Les effectifs supplémentaires devraient être déployés dans les prochains jours, dans le Vieux-Montréal et dans l’arrondissement de Rivière-des-Prairies-Pointe-aux-Trembles. Du porte-à-porte sera aussi effectué à ces endroits pour rassurer la population.

Rappelons que dans la nuit de samedi à dimanche, 25 coups de feu ont été échangés entre un homme et des policiers. Quatre civils et un agent du Service de police de la Ville de Montréal (SPVM) ont subi des blessures lors de l’incident.

Par ailleurs, des coups de feu ont été tirés vers un immeuble à logement, dans le secteur de Pointe-aux-Trembles, au cours de la nuit de dimanche à lundi.

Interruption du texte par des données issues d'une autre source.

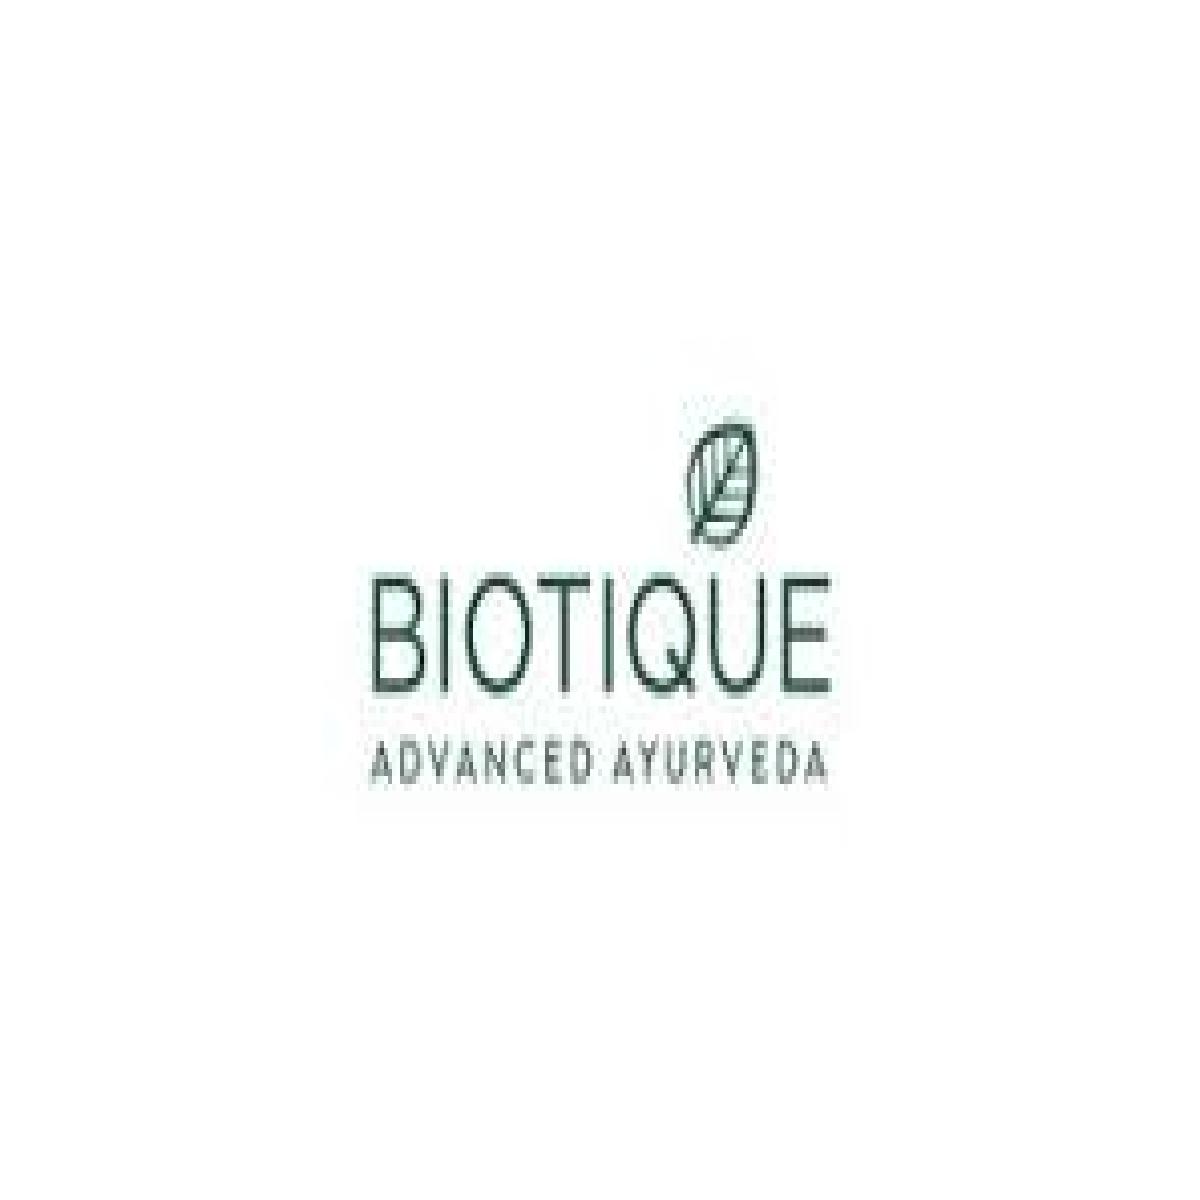 SuperCluster Pi Acquires Auravedic, an Ayurvedic Beauty and Wellness Brand - a Kumkumadi Category Leader

La mairesse a rappelé l’importance du Service de police de la Ville de Montréal (SPVM) lors de ce type d’événements. «Ce que l’on veut, c’est la police qui court après la personne qui a tiré», a-t-elle dit.

La dernière fois qu’un policier du SPVM avait été blessé par balle remontait à 2013, lors d’un déploiement du Groupe tactique d’intervention.

Financement

Ces événements n'empêchent pas les questionnements sur le financement du SPVM, a dit la mairesse lorsqu’interrogée à ce propos. «On peut avoir un débat de société sur le financement de la police à savoir quel outil on doit donner à la police dépendamment de la situation», a-t-elle dit, faisant notamment référence aux interventions auprès de personnes qui ont des problèmes de santé mentale.

Des mesures légales pourraient être mises de l’avant pour contrer ce genre d’incidents, notamment en revoyant la réglementation sur les armes à feu, ce qui ne relève pas des municipalités.

Mme Plante a profité de l’occasion pour dénoncer la manifestation anti-masque survenue samedi dernier, qui a réunie environ 10 000 personnes à Montréal. «Ça me dépasse. Je ne comprends pas. [...] On peut ne pas être en accord, à la limite; après ça de faire une manifestation où on n’a pas de masque [...]. Je trouve ça irresponsable et ce n’est pas ce dont on a besoin en ce moment.»